*Material provided:*
========================
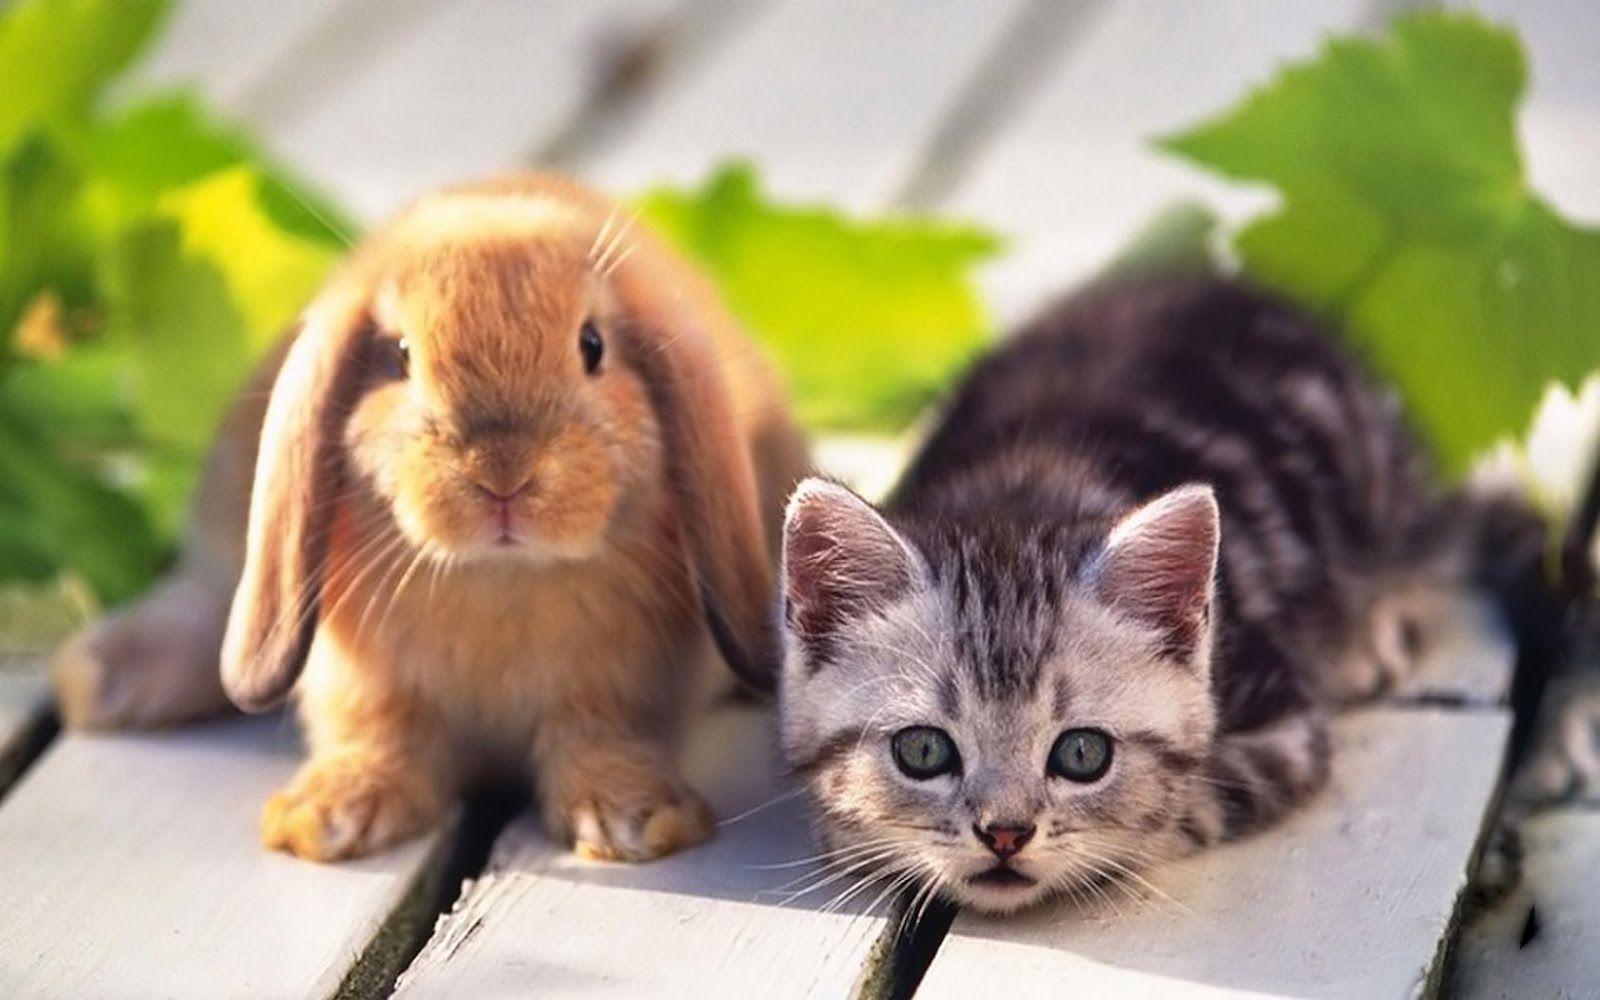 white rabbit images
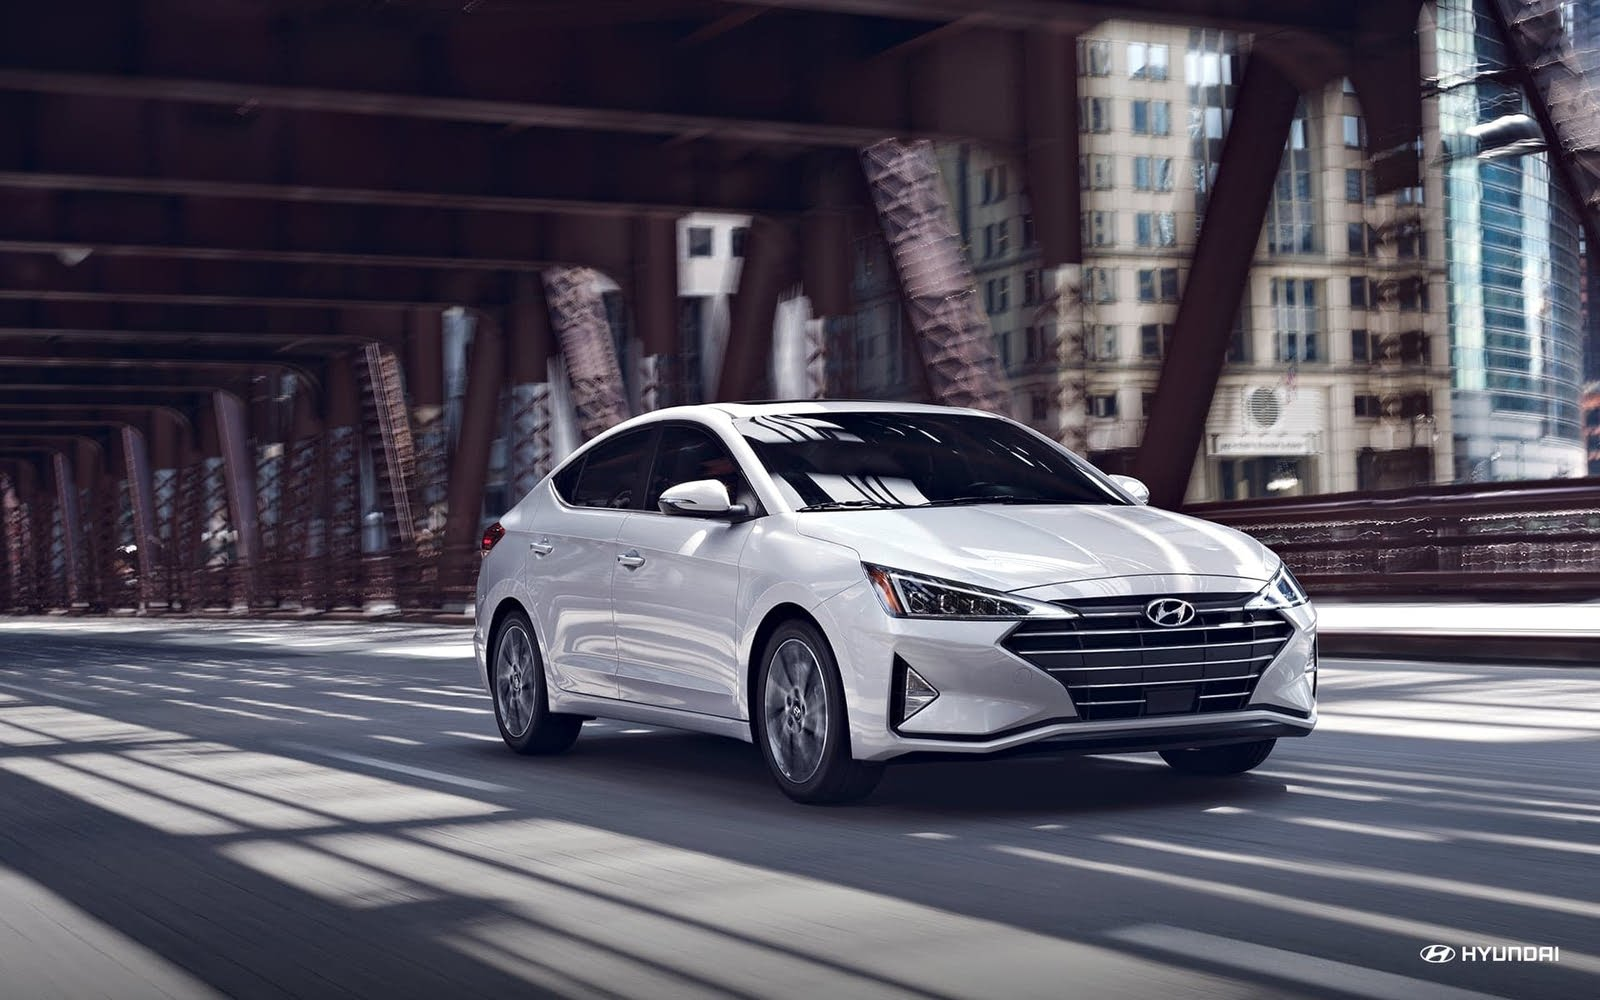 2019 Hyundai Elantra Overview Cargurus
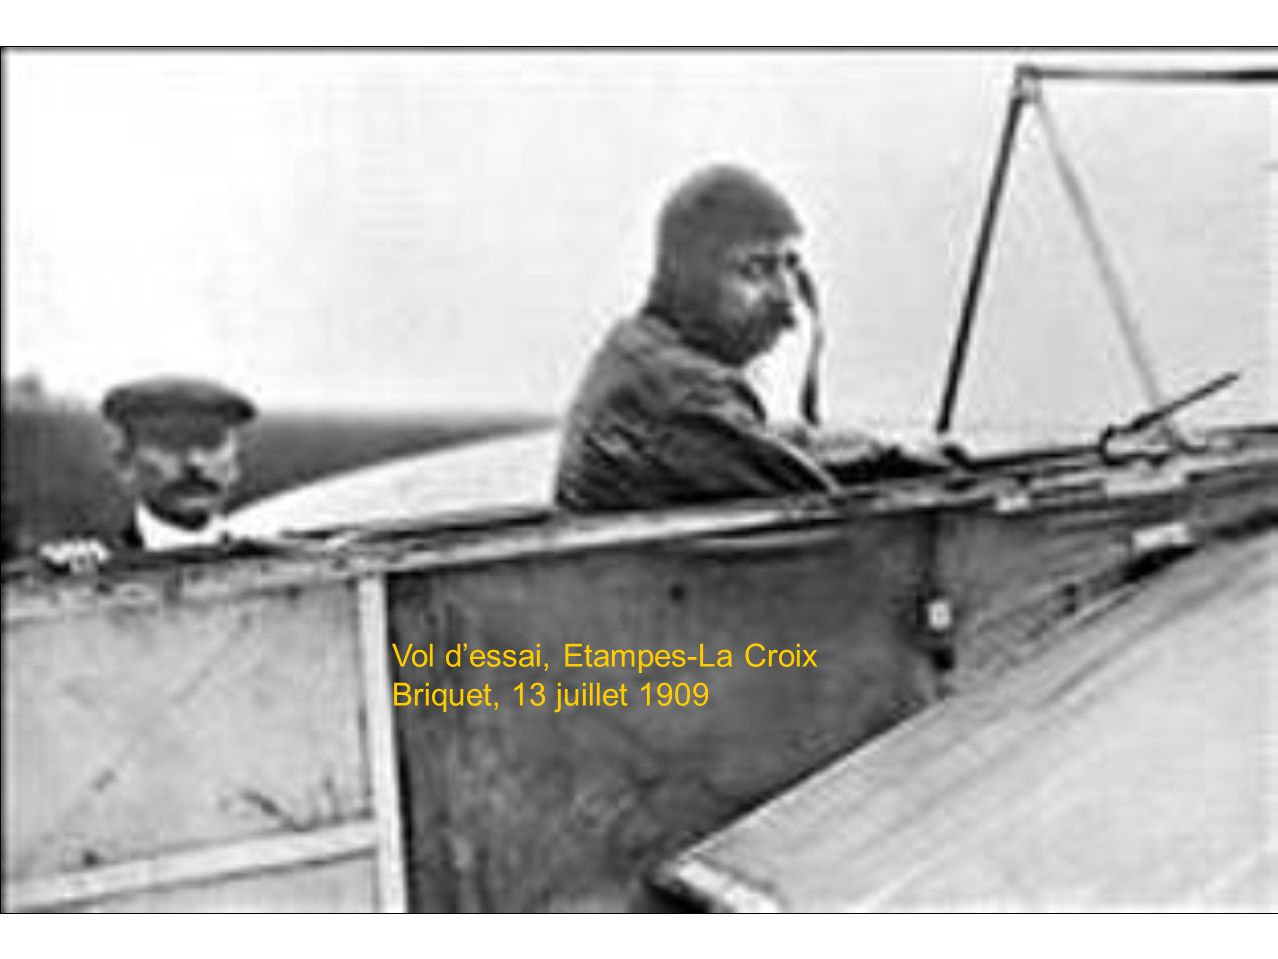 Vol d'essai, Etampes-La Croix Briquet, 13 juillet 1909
========================
*Work instruction:* Leave out all pictures and extract exactly the lines from the line with "2019 Hyundai Elantra Overview Cargurus" through the end of the material.

*Reply to the task:*
 2019 Hyundai Elantra Overview Cargurus
 Vol d'essai, Etampes-La Croix Briquet, 13 juillet 1909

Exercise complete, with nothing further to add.